Billy Campbell stars as Dr. Alan Farragut, a CDC scientist who must travel to an arctic research facility after his brother Peter—and several other people—are infected by a strange virus. Alan is joined by several companions, most importantly newcomer Sarah Jordan (Jordan Hayes) and Dr. Julia Walker (Kyra Zagorsky), his ex-wife.

Upon arriving at the facility, the team is greeted by Dr. Hiroshi Hatake, who is the director of research and development at the facility. It is strongly implied that Hatake is the person responsible for the pathogen outbreak in the facility, yet by the episode’s end we still don’t know what his goal is. “Pilot/Vector” treats Hatake as merely a mad scientist, possibly obsessed with scientific breakthrough at the cost of lives. At this point, Hatake is a dull antagonist, too mysterious to be compelling or feared.

Both episodes give only minimal character development, and instead favor a brisk, action-oriented pace. We learn early on that Julia was once married to Alan and cheated on him with Peter; by the episode’s end, we’re still not sure how Alan feels toward Julia or Peter. It’s clear that Alan wants Peter to survive, but it isn’t clear how much the affair strained their relationship. It is the show’s most soap opera-ish aspect, but also an aspect that will be important in future installments, as the characters (hopefully) develop into more three-dimensional people.

The second half of the two-episode premiere deals mostly with Peter running loose in the facility and attacking people. It’s a race against time as Alan and his team search everywhere for Peter’s whereabouts and attempt to prevent further spread of the pathogen. The pathogen has imbued Peter with enormous strength, and is turning him into something inhuman. Whatever it is, we’ll have to wait and see. The premiere concludes with Peter attacking and infecting Julia, which will surely serve as the main focus of the next episode.

Though the CGI exterior shots are disappointing, even for cable TV standards, the episode still boasts some impressive, moody visuals and attractive set design. Directors Jeffrey Reiner and Brad Turner do a solid job of composing shots, which makes the show look more cinematic than most other Syfy shows. The cold open is particularly cinematic and perfectly establishes an unsettling tone.

It’ll be a while before Helix can be deemed a success or failure. The show does enough things right to make it worth watching for at least a few more episodes.

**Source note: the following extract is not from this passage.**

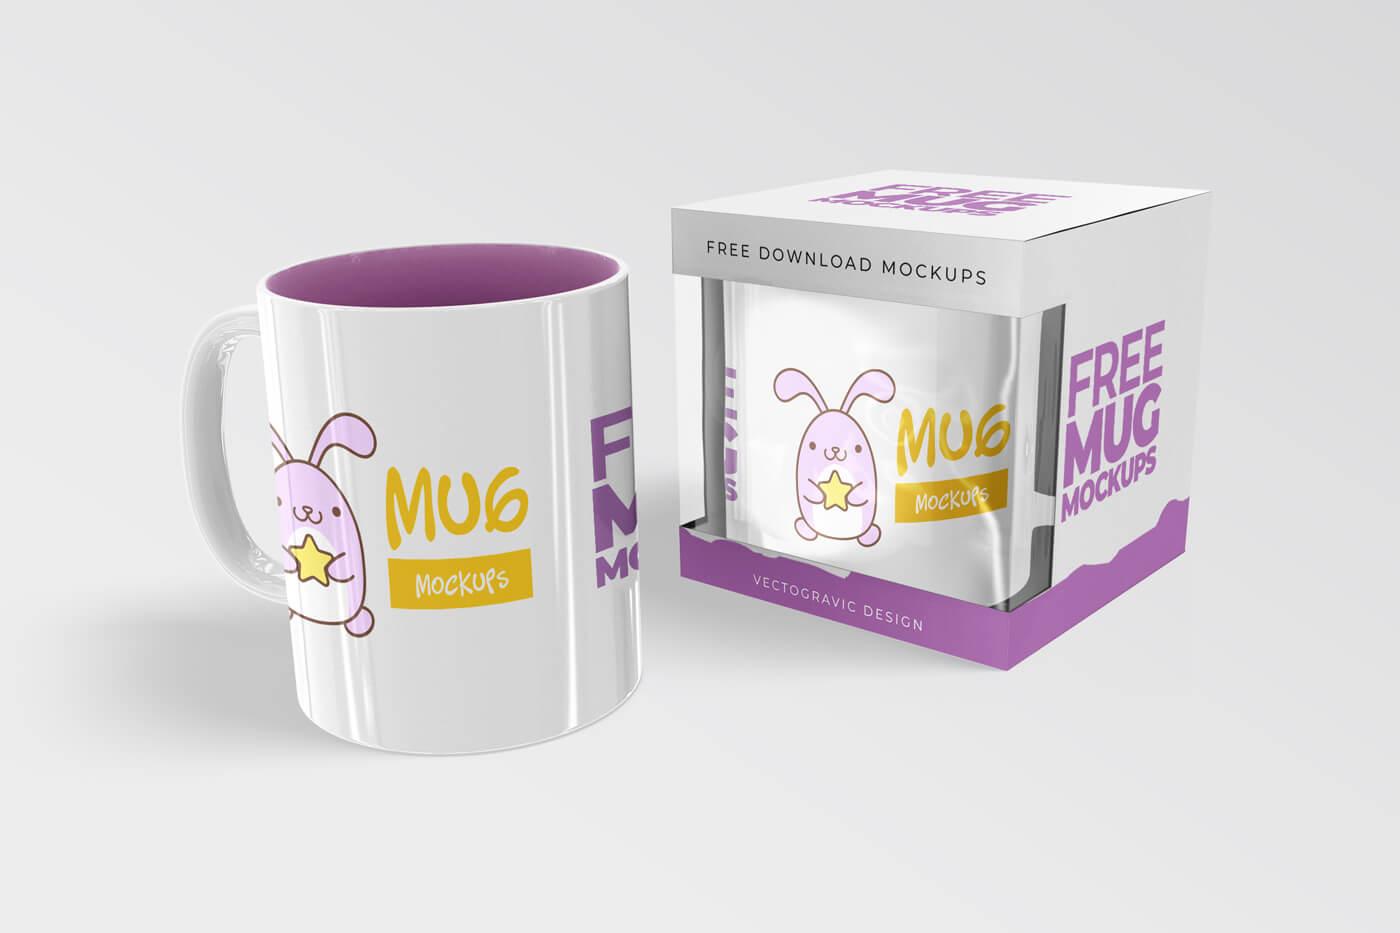 Free Mug Mockups 01

The characters and stiff dialogue need improving, but the writers have at least eleven more episodes to make us care more about these characters. Though the premiere leaves a lot of unanswered questions and dangling threads, the most compelling part of it is how it manages to keep raising the stakes and pushing the plot forward. Helix seems to have enough momentum to remain entertaining for a while, and if it manages to figure out its characters, it could emerge as Syfy’s most formidable current series.

Helix is created by Cameron Porsandeh and airs Fridays at 10 EST on Syfy.